One Man's Cavalcade of Really Deep Thoughts
A good rule of thumb for readers of contemporary fiction is to avoid anything written in the first person whose main character is a failed writer. Actually, I would avoid anything whose main character is any kind of writer, but failed or blocked writers purporting to write about themselves are the worst. Richard Ford enjoyed his biggest success as a novelist with The Sportswriter, in which Frank Bascombe, author of one book of short stories, retreats from art to sportswriting. In Independence Day, he has brought Frank back as a real-estate salesman. Now that's what I call blocked!
Both these novels belong to what might be called the Ruminative School of fiction. In novels by ruminants nothing much happens, but lots of Deep Thoughts get thought and often lots of fine writing gets written. Introducing a genuinely dramatic element would seem phony and inauthentic to writers of the Ruminative School. Such traditional forms of literary excitement as plot and character development are presumably beneath the dignity of those who have Deep Thoughts to think and fine writing to write. They write about what they know, and what they know is themselves.
Mind you, lots has happened before the novel begins. Without his memories of death and divorce, of pain and loss, of sex and writing gone bad, the Ruminative hero would be a cow without a cud. But nothing much is happening as we read, at least not to the hero, and the banal, everyday events of his life are little more than the medium or stock in which his meaty thoughts are suspended. To taste them, we must consume lots more filler than we really want to about, say, the real-estate market in New Jersey in the late 1980s.
Frank Bascombe's new occupation is meant to be the guarantee of his authenticity. Writers get paid for thinking Deep Thoughts, while real-estate salesmen, we may assume, must think them solely for love. Also, Frank's profession has been chosen as being particularly appropriate to what he calls "the Existence Period" of his life. Theorizing about the Existence Period comprises the deepest of his thoughts, though there is no thought of how pretentious it is to divide one's own life up into periods.
Frank is sincere even in his pretensions. He sees the Existence Period as that phase of his middle age during which his practice "has been to ignore much of what I don't like or that seems worrisome and embroiling," or as "the high-wire act of normalcy, the part that comes after the big struggle which led to the big blow-up" and is characterized by "the small dramas and minor adjustments of spending quality time simply with ourselves."
Frank may in fact hold some kind of record for spending quality time with himself.
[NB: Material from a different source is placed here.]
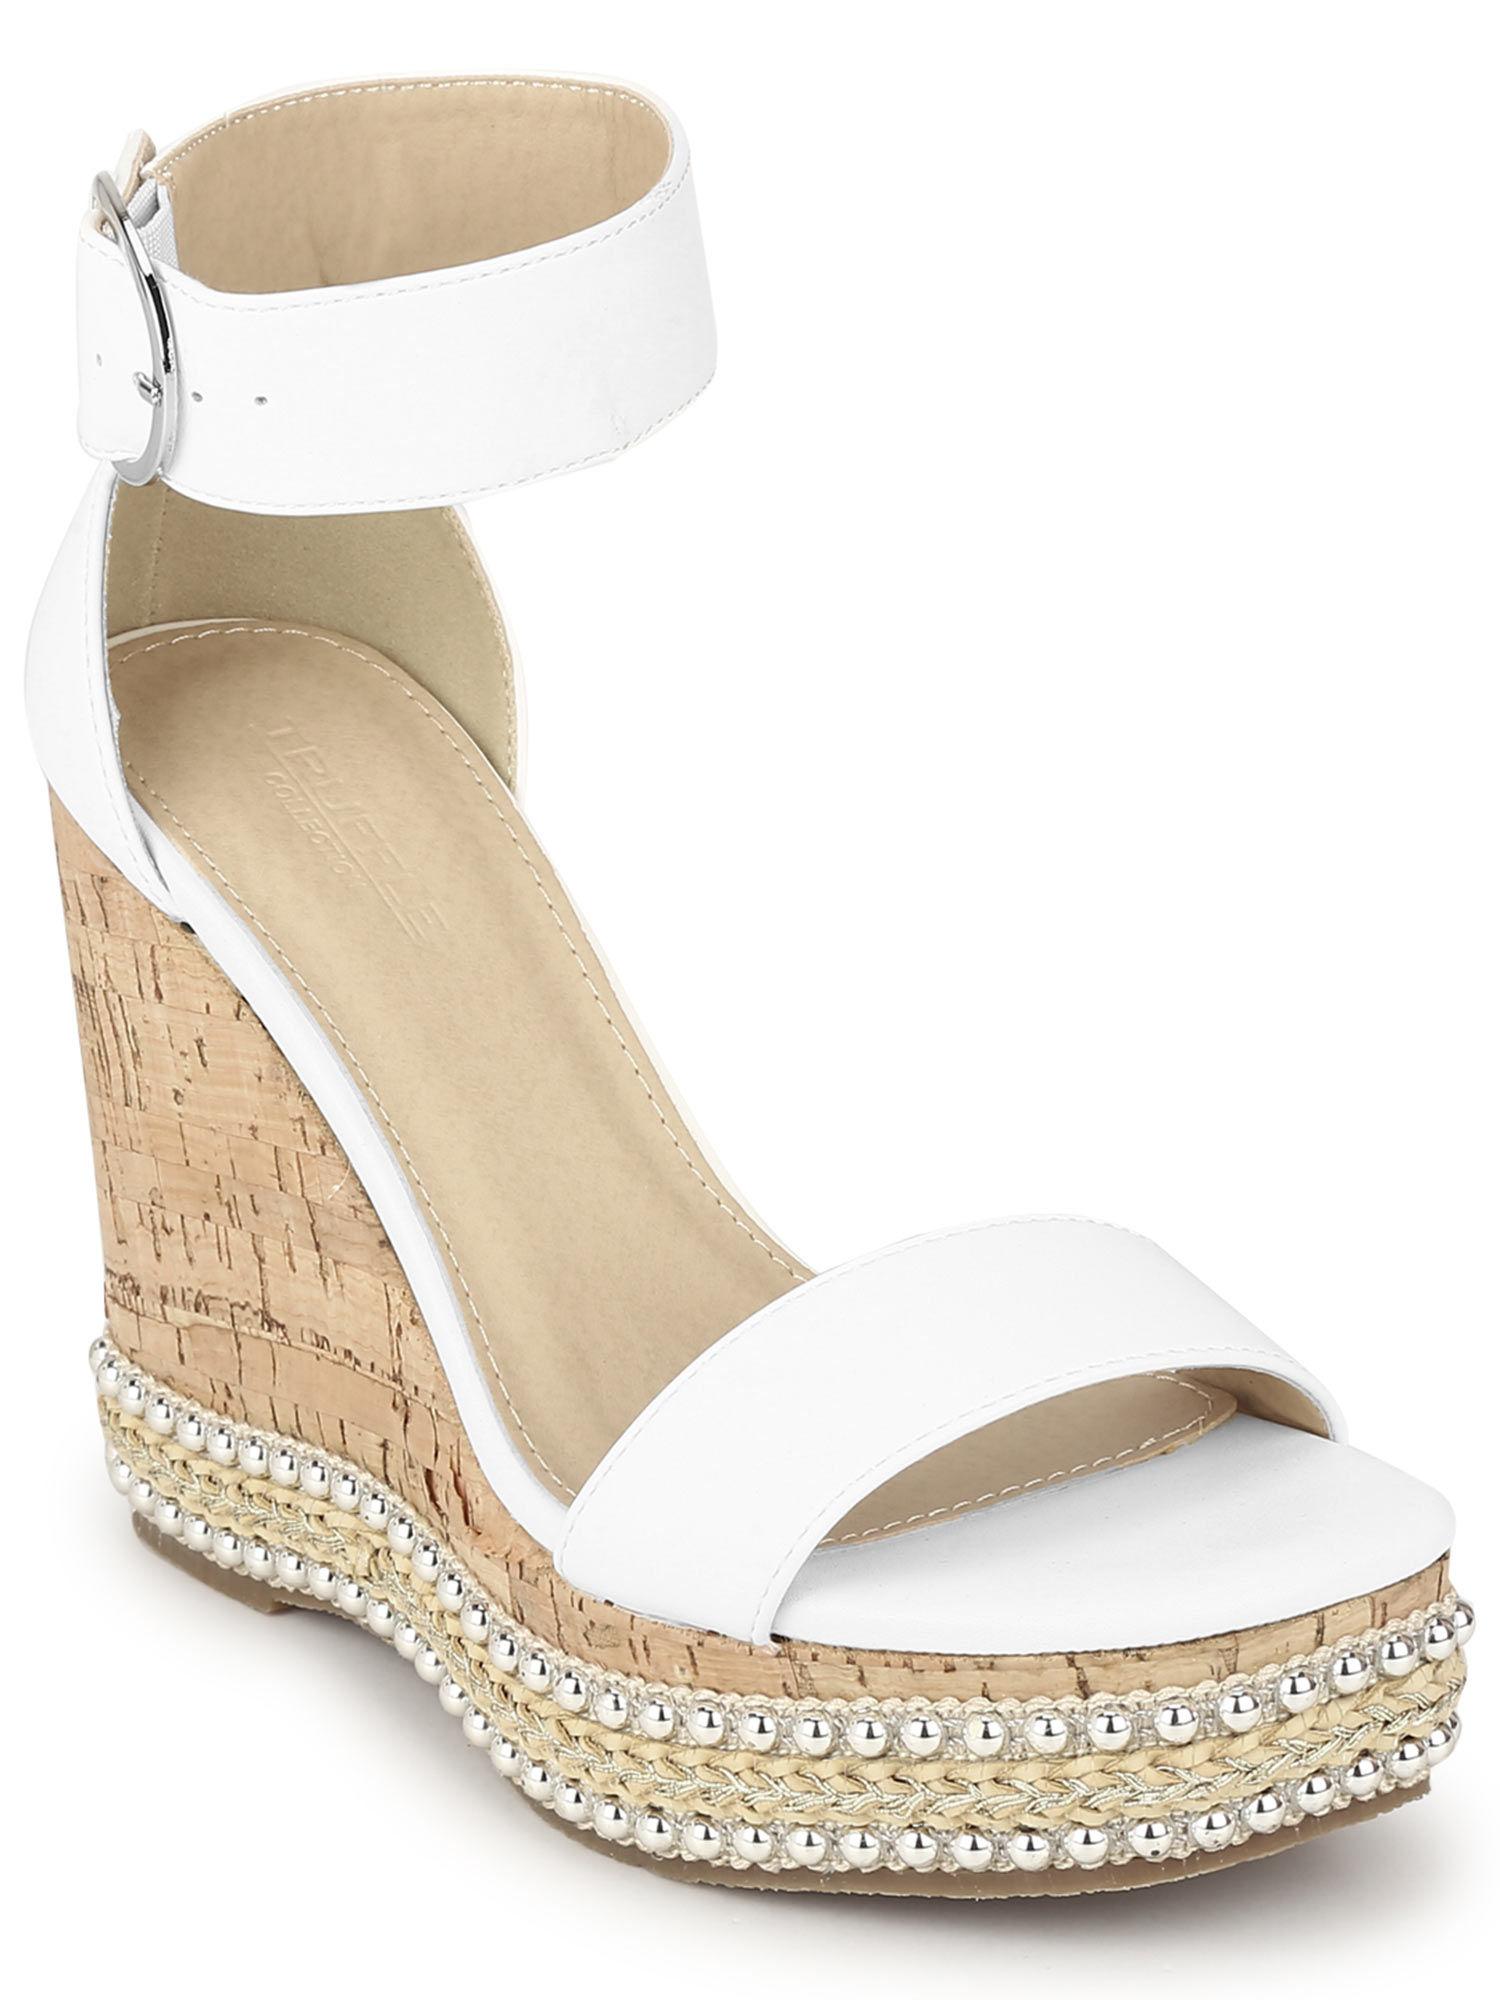 white solid wedges
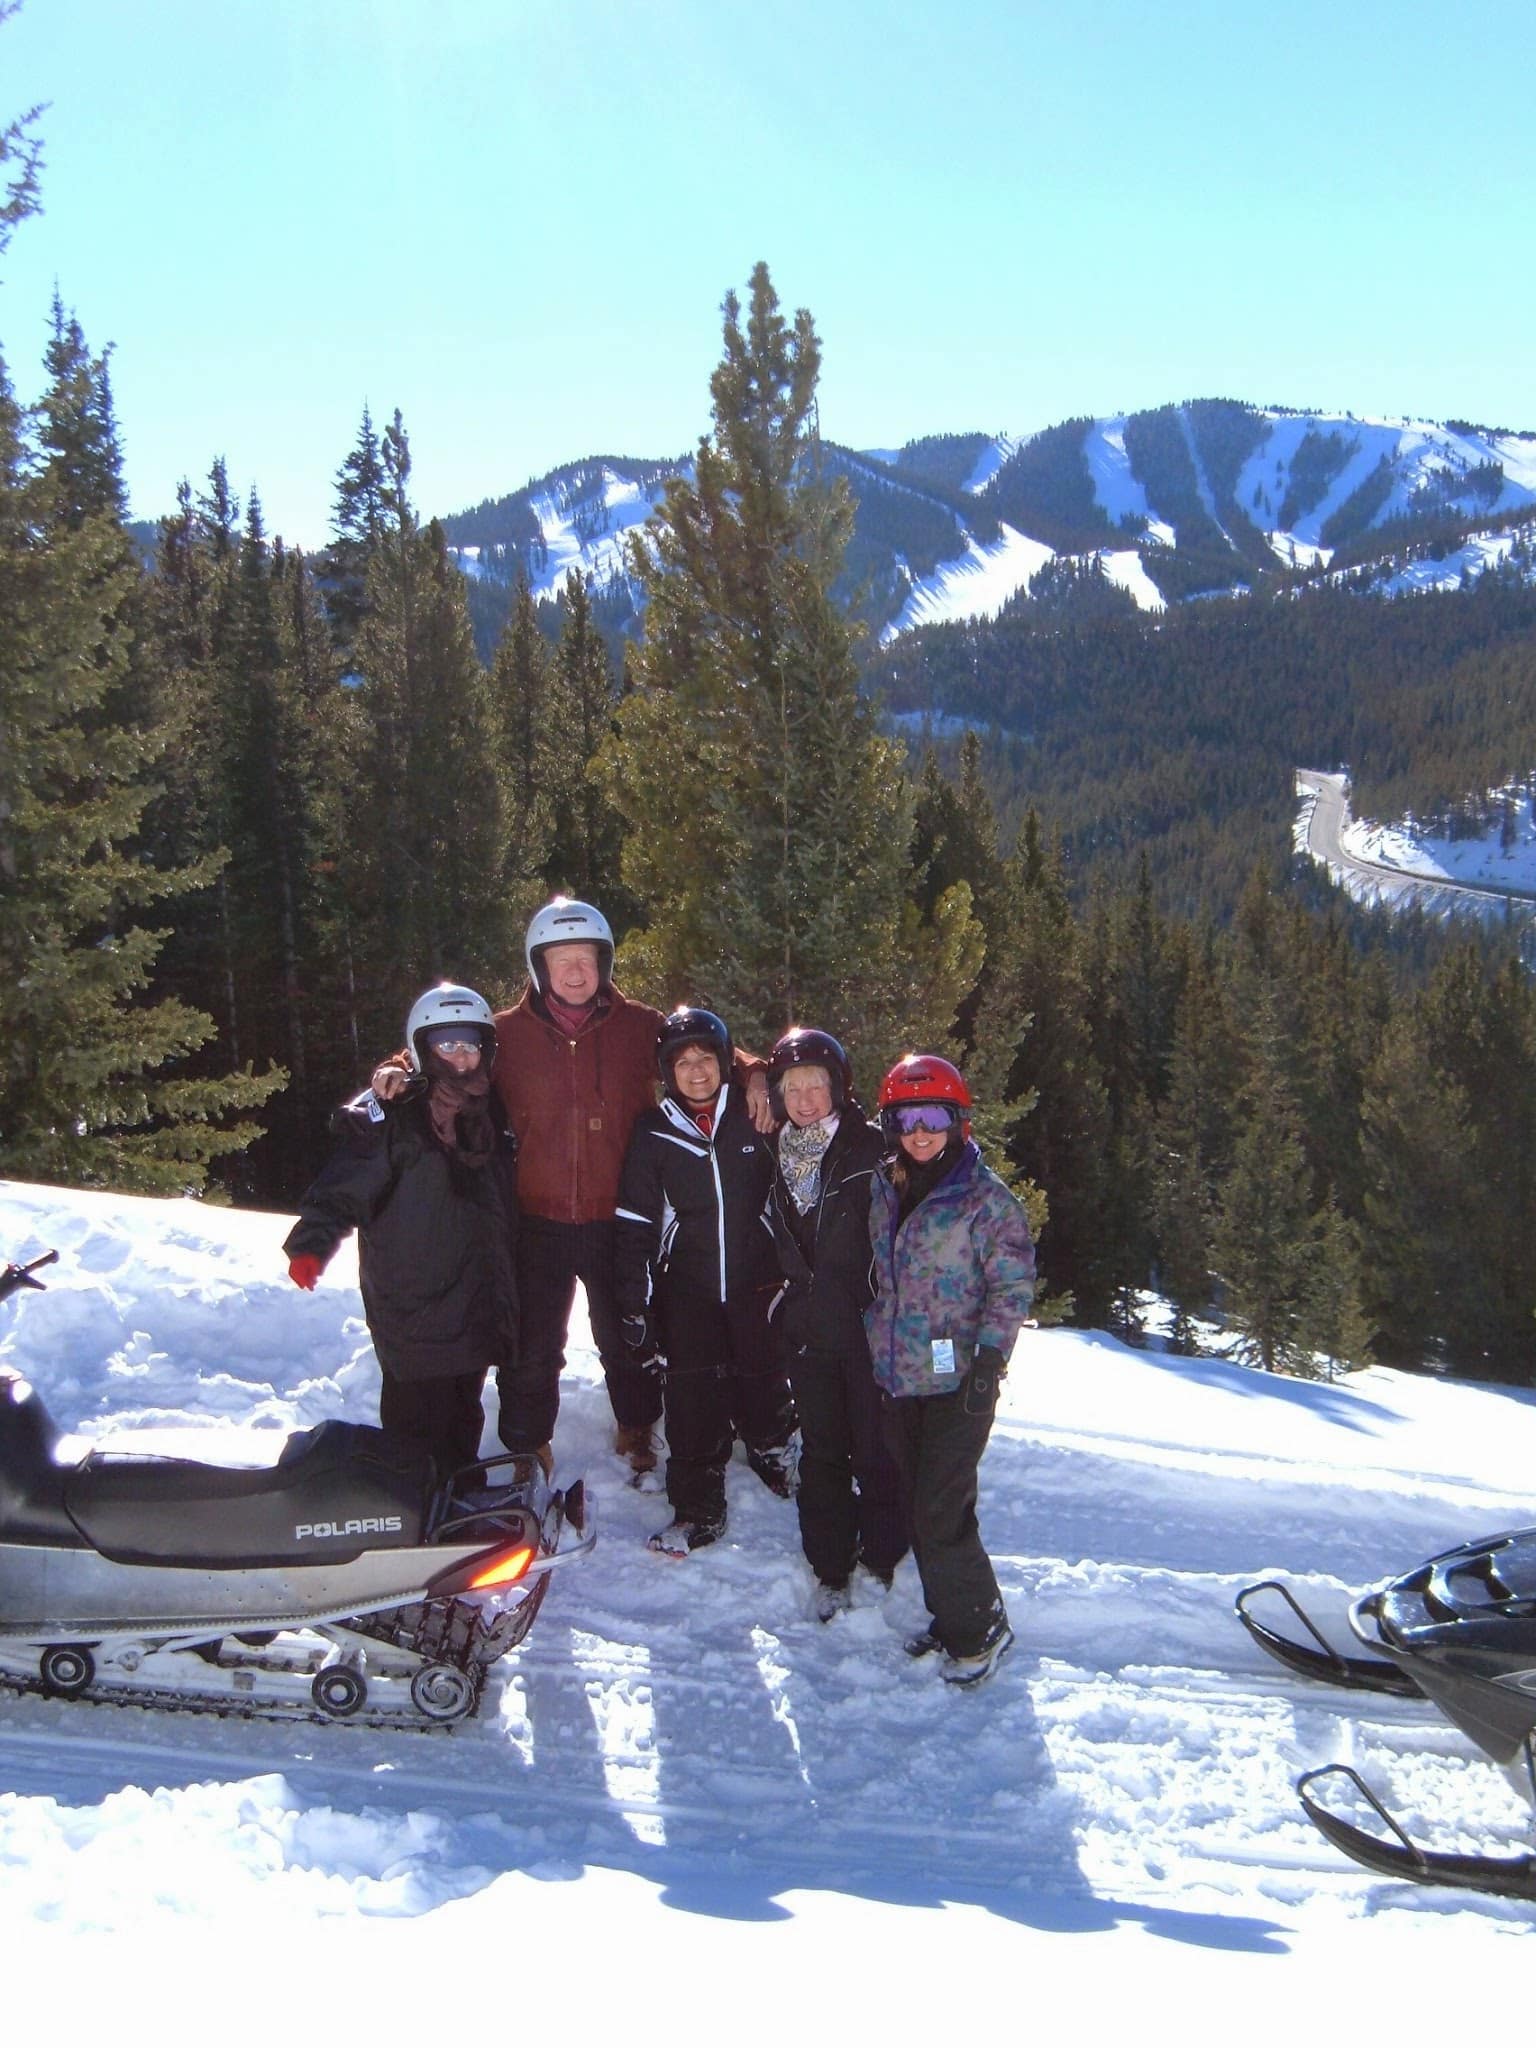 Five people taking a picture near their snowmobiles.

But he also has a son, Paul, to whom he feels he owes some of this precious commodity, and the drama of the novel, such as it is, consists of his taking this troubled teenage boy to visit as many sports halls of fame as they can in two days (i.e. two). That's about it. It is one of those ideas that exhausts itself in being stated. What is there to say about the actual visiting of these places that is more interesting than the idea of visiting them?
So the father-son expedition, which doesn't even begin until more than halfway through the novel, is cut short with its one quasidramatic event, which puts Paul in the hospital. There are, however, no lasting consequences to this moment of action—beyond making Frank think even deeper thoughts about himself and life and everything. These remind us that, as he tells a client who thinks he may have a gift for selling real estate himself, the realty business is "like being a writer. A man with nothing to do finds something to do."
It is this sense of surrounding vacancy, of busywork, of the commonplace unnecessarily rendered into self-conscious prose, that is the characteristic feature of the Ruminative style. Its tortured, introspective meanderings finally become exasperating and at times degenerate into a paragraph full of speculative questionings about what if this or that had happened, followed by some such colloquial formula as: "God only knows, right? Really knows?"
My favorite passage of Frank's speculative self-questioning, which almost rises to the height of self-parody, is where he spends a paragraph wondering what it would have been like if he and his ex-wife had bought a Volvo that they looked at years before and then didn't buy. Nothing from his more youthful past is beneath the notice of his Existence Period, it seems, though he fantasizes about reaching a Permanent Period in which he will have become more like an "ordinary person." My guess is that it is a delusion characteristic of the Existence Period to suppose that there is a Permanent Period. The bad news for readers is that it is Frank's interminable self-examination that has become permanent.